Perhaps that penchant for the good things of life caught up with Leremi later in life. At the tail end of his Pirates career, he became the stereotypical Mzansi diski prince whose wild lifestyle made the tabloid headlines more than the sport back pages.
But his move to the Brazilians in 2007 seemed to be just the tonic his life needed.
“You could see he was going to be something else at Sundowns,” says Moloi. “He had already won the hearts of Sundowns fans. They don’t easily accept you, but they had fallen in love with him. We don’t know what would have happened.” Sadly!
Cheeseboy also remembers a determined Leremi ready to dance to Sundowns’ Shoe Shine ‘n Piano.
“He came to my house after he moved to Sundowns because we were no longer staying together at the time. He said to me ‘I need boots’ and I gave him my blue Adidas boots. He explained to me ‘I need these boots because what I’m going to start now is a journey people won’t believe. I’ll be able to fulfil my dreams’. I gave him my boots. He was happy his life would take a new turn.”
Shortly before 9.15pm on Monday, 3 September 2007, a 22-year-old Leremi was travelling north on Kliprivier Road towards Johannesburg and just before the R556 split towards Lenasia, Leremi lost control of the dark-blue BMW 3-series, he was driving.
He swerved right, nipping the edge of the grassy centre divide with his right tyres before the car veered left.
He braked hard as the car cut over the left lane and shoulder, before hitting a shallow drainage ditch. The ditch did nothing to slow the momentum of the car, which climbed the nearby 2m embankment and threw Leremi from the front seat.
The car, still moving north, rolled several times before coming to rest 36m from Leremi’s body. His left arm and leg appear to have borne the brunt of the crash. He was pronounced dead at the scene.
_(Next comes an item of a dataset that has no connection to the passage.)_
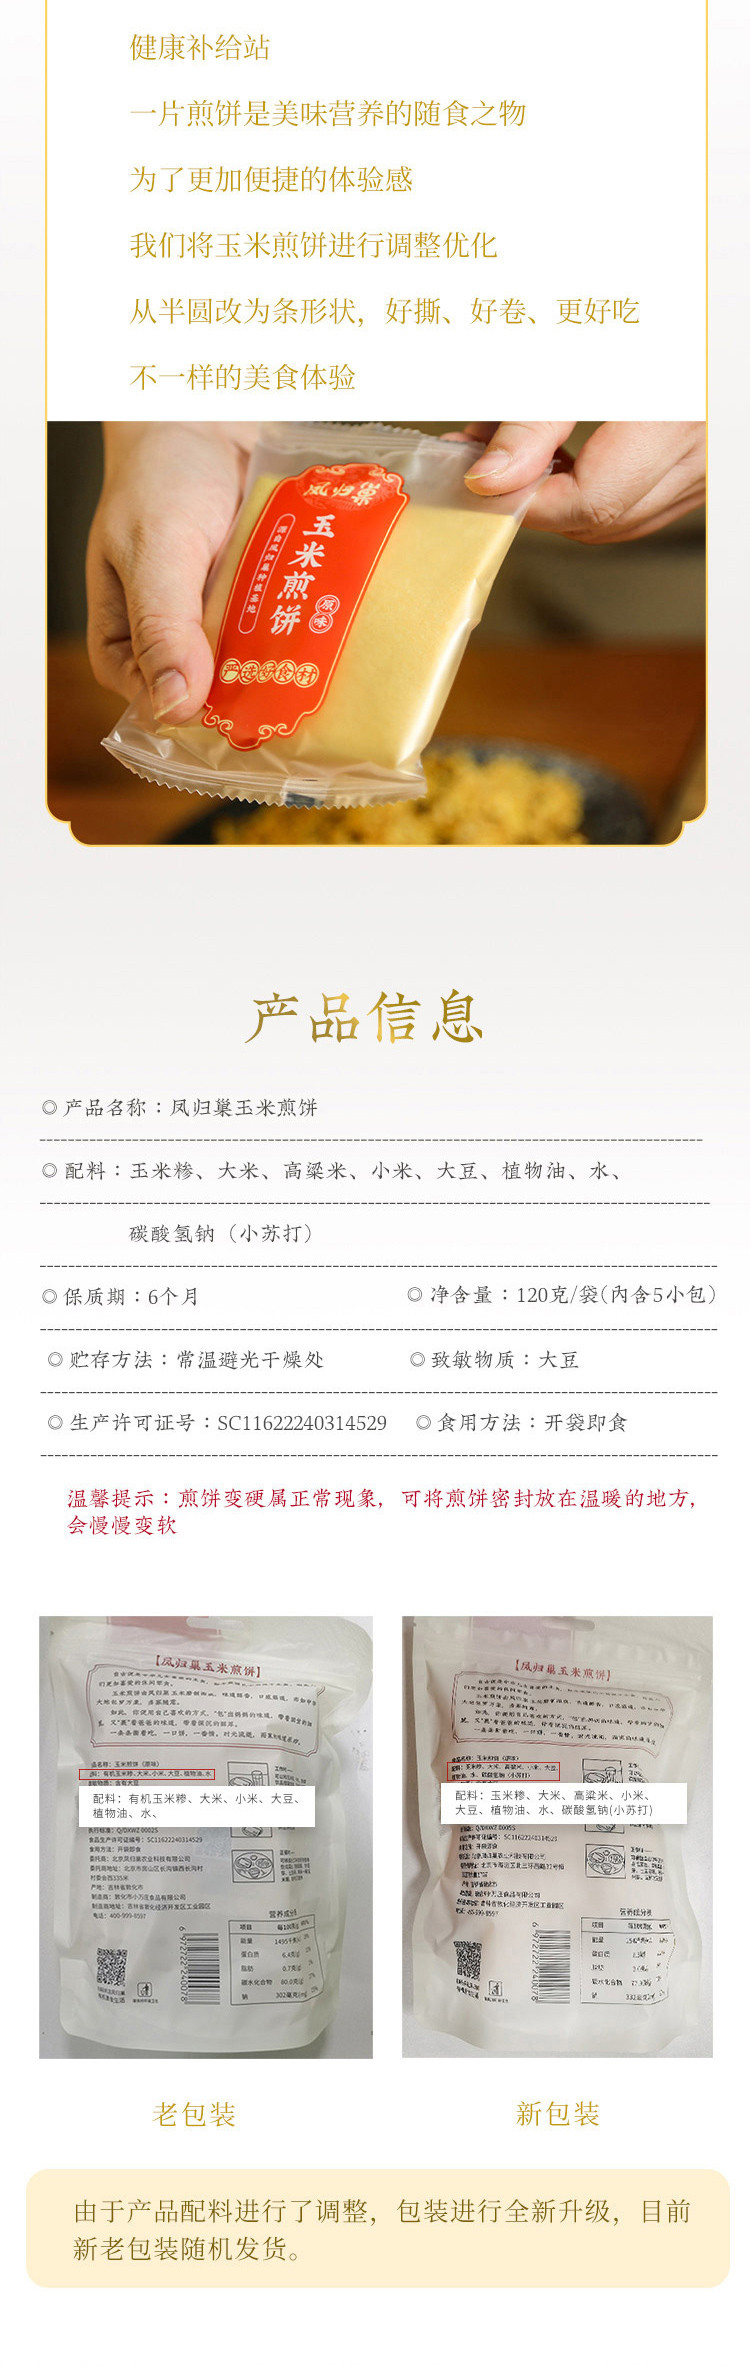 【北京馆】凤归巢 玉米煎饼/原味煎饼 120g/袋*3袋
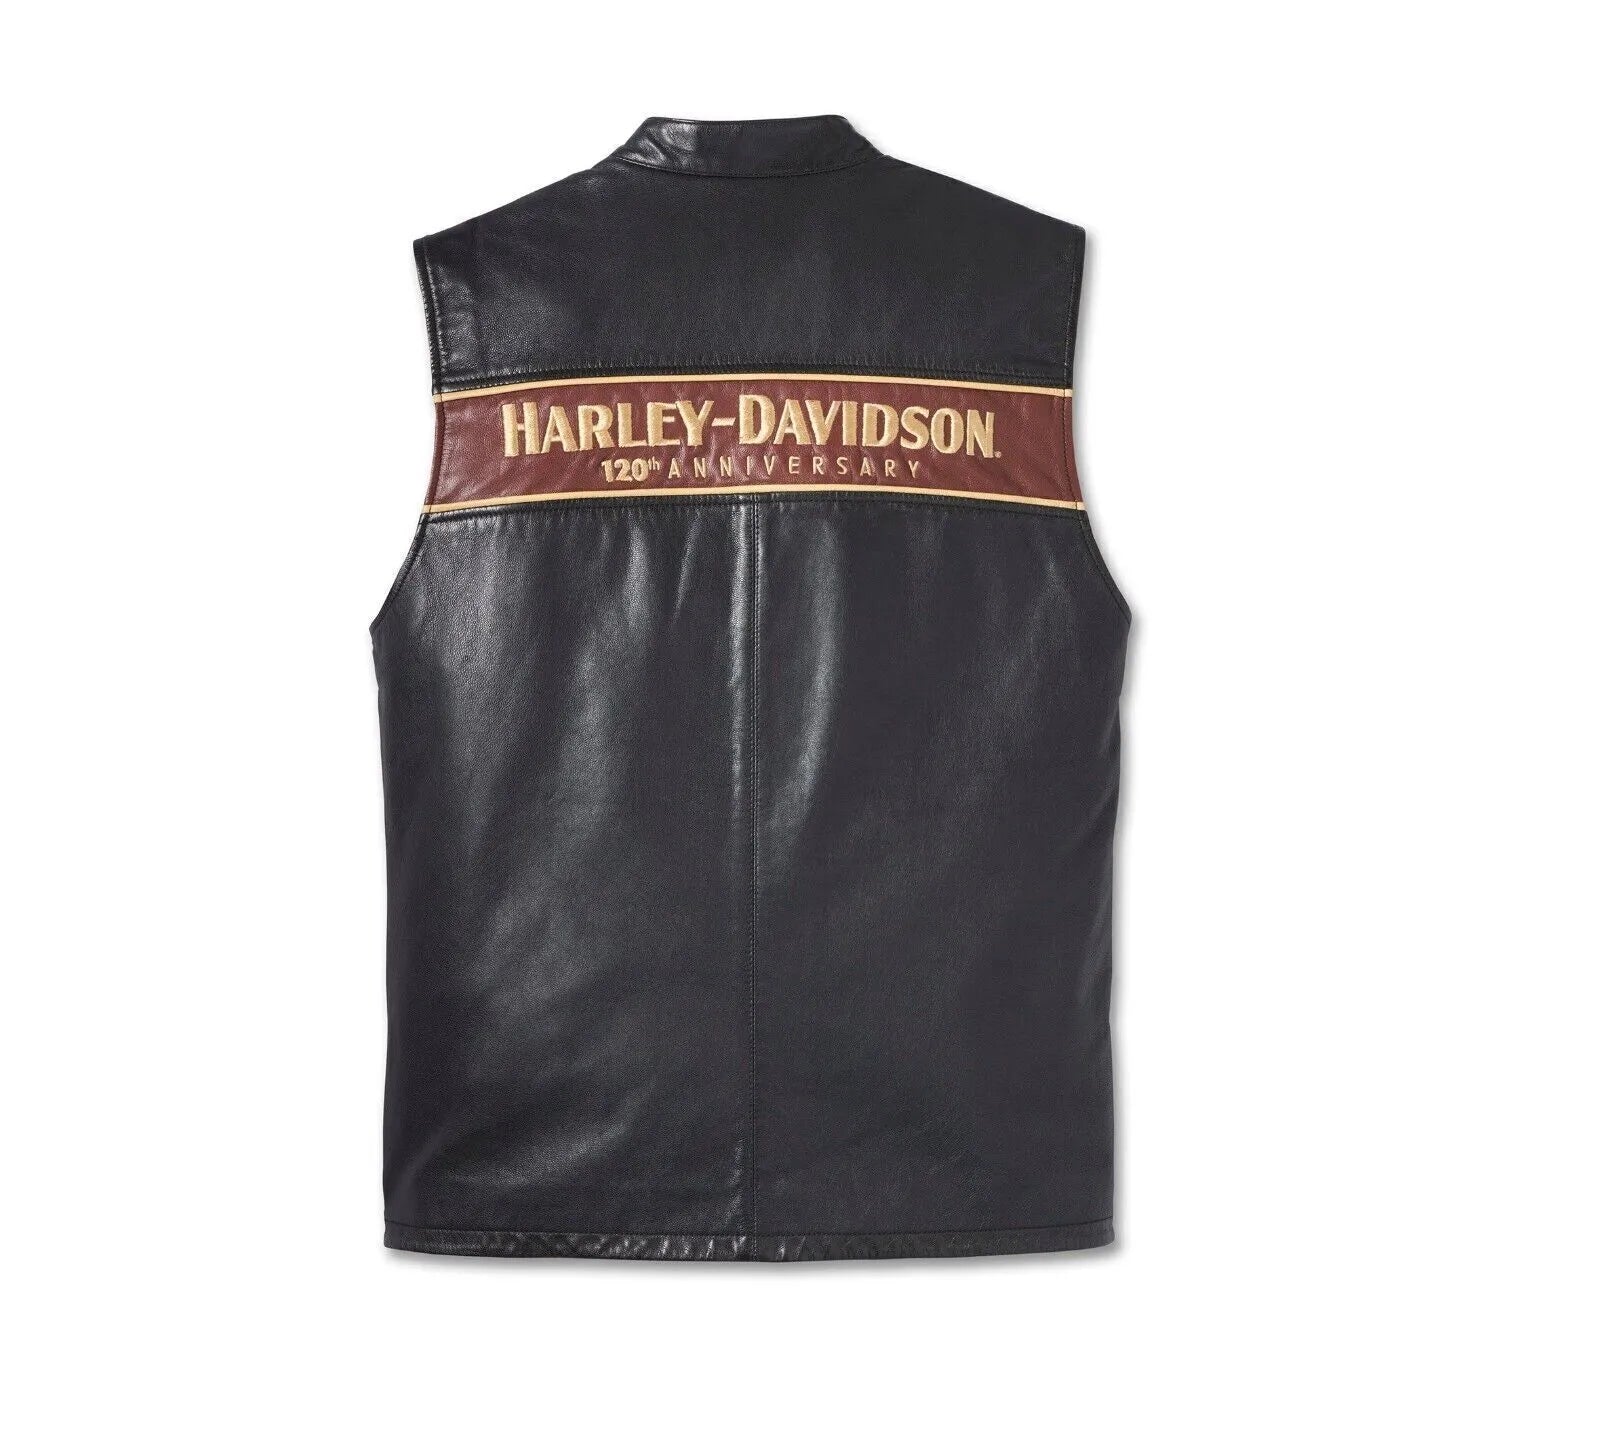 Men's Harley Davidson 120th Anniversary Biker Vest Motorcycle Real Leather Vest

His heart-rending death came only 12 days before he was to face the Buccaneers for the first time. The showdown between Leremi and his inseparable friend, Cheeseboy, would have come in a prestigious stage, the SAA Supa 8 final.
“His death hit me hard,” admits Cheeseboy. “I didn’t realise it affected my career as well. I lost the urge to push, I was not okay mentally. Unfortunately, I didn’t get any sort of counselling,” he adds.
The blow of his friend’s death, followed by the passing of his mother four months later, would have a lasting impact on Cheeseboy. “My mum tried to help me. Four months down the line I lost her as well. Both people I admired the most were taken away from me in my early 20s.”
Nonetheless, Cheeseboy, who went on to join Sundowns in 2009, singles out the period he played with Leremi at Bucs as the most memorable spell of his career.
“Playing with Gift. That’ll always be a standout period for me. The only thing I’m left with is all those memories. We did a lot of things on and off the field. He was like a brother to me. I felt protected. He also felt the comfort of having a young brother in me.”
For Cheeseboy, even 14 years after his death, the man nicknamed Continental remains one of the special talents that donned the skull and crossbones.
“Guys like Esrom (Nyandoro) were stunned by his talent after he joined Sundowns. They admitted we had something special in Gift, and that Pirates developed a quality player. He was still very young, playing with highly paid stars at Sundowns yet he still stamped his authority.”
Sadly, the bigger dream to one day be counted amongst Real Madrid’s Galácticos was cut short. Death be not proud.